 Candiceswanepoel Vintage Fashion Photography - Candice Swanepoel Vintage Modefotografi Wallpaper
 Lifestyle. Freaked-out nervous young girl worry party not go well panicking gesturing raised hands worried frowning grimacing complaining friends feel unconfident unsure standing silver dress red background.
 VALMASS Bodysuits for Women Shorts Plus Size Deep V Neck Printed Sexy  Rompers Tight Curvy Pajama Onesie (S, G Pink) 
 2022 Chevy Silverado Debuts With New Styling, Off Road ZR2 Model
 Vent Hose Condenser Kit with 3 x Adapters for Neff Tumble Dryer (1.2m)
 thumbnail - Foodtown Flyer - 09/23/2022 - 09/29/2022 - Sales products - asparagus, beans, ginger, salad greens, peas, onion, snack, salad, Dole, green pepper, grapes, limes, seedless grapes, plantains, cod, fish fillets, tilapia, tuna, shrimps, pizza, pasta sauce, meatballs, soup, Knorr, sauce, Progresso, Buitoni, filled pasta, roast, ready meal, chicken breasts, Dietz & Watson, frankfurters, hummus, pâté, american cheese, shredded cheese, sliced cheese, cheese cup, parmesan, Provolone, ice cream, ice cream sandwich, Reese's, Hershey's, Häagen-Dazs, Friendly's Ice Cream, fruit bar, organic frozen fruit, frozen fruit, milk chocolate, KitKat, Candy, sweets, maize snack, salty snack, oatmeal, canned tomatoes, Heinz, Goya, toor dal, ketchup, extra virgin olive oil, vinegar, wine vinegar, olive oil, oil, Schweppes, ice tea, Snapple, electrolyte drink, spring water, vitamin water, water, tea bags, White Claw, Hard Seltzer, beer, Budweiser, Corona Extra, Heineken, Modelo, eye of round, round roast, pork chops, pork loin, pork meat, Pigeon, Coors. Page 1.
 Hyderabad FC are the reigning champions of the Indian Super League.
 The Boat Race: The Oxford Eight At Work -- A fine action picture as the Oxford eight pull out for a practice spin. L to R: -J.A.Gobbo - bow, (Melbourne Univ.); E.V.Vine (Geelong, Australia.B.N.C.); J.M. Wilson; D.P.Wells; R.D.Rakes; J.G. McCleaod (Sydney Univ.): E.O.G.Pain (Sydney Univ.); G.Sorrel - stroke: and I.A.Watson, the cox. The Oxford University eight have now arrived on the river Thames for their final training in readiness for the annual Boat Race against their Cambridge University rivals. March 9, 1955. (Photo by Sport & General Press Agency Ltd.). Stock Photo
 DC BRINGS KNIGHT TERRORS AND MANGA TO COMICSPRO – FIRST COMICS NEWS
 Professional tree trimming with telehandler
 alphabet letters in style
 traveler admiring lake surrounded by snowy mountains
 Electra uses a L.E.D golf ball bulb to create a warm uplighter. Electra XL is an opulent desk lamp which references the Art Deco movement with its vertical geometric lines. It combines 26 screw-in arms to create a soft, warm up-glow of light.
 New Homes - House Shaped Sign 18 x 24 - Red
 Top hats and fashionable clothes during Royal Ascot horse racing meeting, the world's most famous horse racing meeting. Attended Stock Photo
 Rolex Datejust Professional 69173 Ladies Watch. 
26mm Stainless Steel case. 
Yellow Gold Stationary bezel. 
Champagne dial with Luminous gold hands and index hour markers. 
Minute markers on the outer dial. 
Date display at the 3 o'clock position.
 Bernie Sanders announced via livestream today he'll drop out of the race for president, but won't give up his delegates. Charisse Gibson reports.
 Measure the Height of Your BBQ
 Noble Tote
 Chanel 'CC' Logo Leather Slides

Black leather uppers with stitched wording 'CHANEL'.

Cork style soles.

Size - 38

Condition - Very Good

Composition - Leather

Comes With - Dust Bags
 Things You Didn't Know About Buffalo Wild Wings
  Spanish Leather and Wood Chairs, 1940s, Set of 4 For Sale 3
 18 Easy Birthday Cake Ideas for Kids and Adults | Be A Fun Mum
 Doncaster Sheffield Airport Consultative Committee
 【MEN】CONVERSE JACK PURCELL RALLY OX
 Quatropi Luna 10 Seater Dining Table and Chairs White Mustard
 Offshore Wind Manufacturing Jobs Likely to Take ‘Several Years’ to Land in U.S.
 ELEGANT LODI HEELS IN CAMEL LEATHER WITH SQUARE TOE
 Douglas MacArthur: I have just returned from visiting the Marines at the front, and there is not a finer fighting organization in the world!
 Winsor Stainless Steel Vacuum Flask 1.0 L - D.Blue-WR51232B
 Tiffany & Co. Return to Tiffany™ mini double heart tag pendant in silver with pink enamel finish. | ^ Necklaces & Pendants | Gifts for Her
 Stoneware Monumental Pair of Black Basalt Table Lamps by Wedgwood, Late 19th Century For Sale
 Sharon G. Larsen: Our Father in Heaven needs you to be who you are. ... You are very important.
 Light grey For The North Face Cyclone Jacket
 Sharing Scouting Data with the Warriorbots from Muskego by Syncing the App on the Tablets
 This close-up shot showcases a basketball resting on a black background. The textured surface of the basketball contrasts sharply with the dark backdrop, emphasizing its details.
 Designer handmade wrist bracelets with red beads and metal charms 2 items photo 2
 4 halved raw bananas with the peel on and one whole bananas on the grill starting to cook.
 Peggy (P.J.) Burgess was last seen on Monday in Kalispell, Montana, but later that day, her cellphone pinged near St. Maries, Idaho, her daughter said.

__________

__Exercise objective__
What you write must match the records above exactly, line for line.

__Solution to this exercise__
 Candiceswanepoel Vintage Fashion Photography - Candice Swanepoel Vintage Modefotografi Wallpaper
 Lifestyle. Freaked-out nervous young girl worry party not go well panicking gesturing raised hands worried frowning grimacing complaining friends feel unconfident unsure standing silver dress red background.
 VALMASS Bodysuits for Women Shorts Plus Size Deep V Neck Printed Sexy  Rompers Tight Curvy Pajama Onesie (S, G Pink) 
 2022 Chevy Silverado Debuts With New Styling, Off Road ZR2 Model
 Vent Hose Condenser Kit with 3 x Adapters for Neff Tumble Dryer (1.2m)
 thumbnail - Foodtown Flyer - 09/23/2022 - 09/29/2022 - Sales products - asparagus, beans, ginger, salad greens, peas, onion, snack, salad, Dole, green pepper, grapes, limes, seedless grapes, plantains, cod, fish fillets, tilapia, tuna, shrimps, pizza, pasta sauce, meatballs, soup, Knorr, sauce, Progresso, Buitoni, filled pasta, roast, ready meal, chicken breasts, Dietz & Watson, frankfurters, hummus, pâté, american cheese, shredded cheese, sliced cheese, cheese cup, parmesan, Provolone, ice cream, ice cream sandwich, Reese's, Hershey's, Häagen-Dazs, Friendly's Ice Cream, fruit bar, organic frozen fruit, frozen fruit, milk chocolate, KitKat, Candy, sweets, maize snack, salty snack, oatmeal, canned tomatoes, Heinz, Goya, toor dal, ketchup, extra virgin olive oil, vinegar, wine vinegar, olive oil, oil, Schweppes, ice tea, Snapple, electrolyte drink, spring water, vitamin water, water, tea bags, White Claw, Hard Seltzer, beer, Budweiser, Corona Extra, Heineken, Modelo, eye of round, round roast, pork chops, pork loin, pork meat, Pigeon, Coors. Page 1.
 Hyderabad FC are the reigning champions of the Indian Super League.
 The Boat Race: The Oxford Eight At Work -- A fine action picture as the Oxford eight pull out for a practice spin. L to R: -J.A.Gobbo - bow, (Melbourne Univ.); E.V.Vine (Geelong, Australia.B.N.C.); J.M. Wilson; D.P.Wells; R.D.Rakes; J.G. McCleaod (Sydney Univ.): E.O.G.Pain (Sydney Univ.); G.Sorrel - stroke: and I.A.Watson, the cox. The Oxford University eight have now arrived on the river Thames for their final training in readiness for the annual Boat Race against their Cambridge University rivals. March 9, 1955. (Photo by Sport & General Press Agency Ltd.). Stock Photo
 DC BRINGS KNIGHT TERRORS AND MANGA TO COMICSPRO – FIRST COMICS NEWS
 Professional tree trimming with telehandler
 alphabet letters in style
 traveler admiring lake surrounded by snowy mountains
 Electra uses a L.E.D golf ball bulb to create a warm uplighter. Electra XL is an opulent desk lamp which references the Art Deco movement with its vertical geometric lines. It combines 26 screw-in arms to create a soft, warm up-glow of light.
 New Homes - House Shaped Sign 18 x 24 - Red
 Top hats and fashionable clothes during Royal Ascot horse racing meeting, the world's most famous horse racing meeting. Attended Stock Photo
 Rolex Datejust Professional 69173 Ladies Watch. 
26mm Stainless Steel case. 
Yellow Gold Stationary bezel. 
Champagne dial with Luminous gold hands and index hour markers. 
Minute markers on the outer dial. 
Date display at the 3 o'clock position.
 Bernie Sanders announced via livestream today he'll drop out of the race for president, but won't give up his delegates. Charisse Gibson reports.
 Measure the Height of Your BBQ
 Noble Tote
 Chanel 'CC' Logo Leather Slides

Black leather uppers with stitched wording 'CHANEL'.

Cork style soles.

Size - 38

Condition - Very Good

Composition - Leather

Comes With - Dust Bags
 Things You Didn't Know About Buffalo Wild Wings
  Spanish Leather and Wood Chairs, 1940s, Set of 4 For Sale 3
 18 Easy Birthday Cake Ideas for Kids and Adults | Be A Fun Mum
 Doncaster Sheffield Airport Consultative Committee
 【MEN】CONVERSE JACK PURCELL RALLY OX
 Quatropi Luna 10 Seater Dining Table and Chairs White Mustard
 Offshore Wind Manufacturing Jobs Likely to Take ‘Several Years’ to Land in U.S.
 ELEGANT LODI HEELS IN CAMEL LEATHER WITH SQUARE TOE
 Douglas MacArthur: I have just returned from visiting the Marines at the front, and there is not a finer fighting organization in the world!
 Winsor Stainless Steel Vacuum Flask 1.0 L - D.Blue-WR51232B
 Tiffany & Co. Return to Tiffany™ mini double heart tag pendant in silver with pink enamel finish. | ^ Necklaces & Pendants | Gifts for Her
 Stoneware Monumental Pair of Black Basalt Table Lamps by Wedgwood, Late 19th Century For Sale
 Sharon G. Larsen: Our Father in Heaven needs you to be who you are. ... You are very important.
 Light grey For The North Face Cyclone Jacket
 Sharing Scouting Data with the Warriorbots from Muskego by Syncing the App on the Tablets
 This close-up shot showcases a basketball resting on a black background. The textured surface of the basketball contrasts sharply with the dark backdrop, emphasizing its details.
 Designer handmade wrist bracelets with red beads and metal charms 2 items photo 2
 4 halved raw bananas with the peel on and one whole bananas on the grill starting to cook.
 Peggy (P.J.) Burgess was last seen on Monday in Kalispell, Montana, but later that day, her cellphone pinged near St. Maries, Idaho, her daughter said.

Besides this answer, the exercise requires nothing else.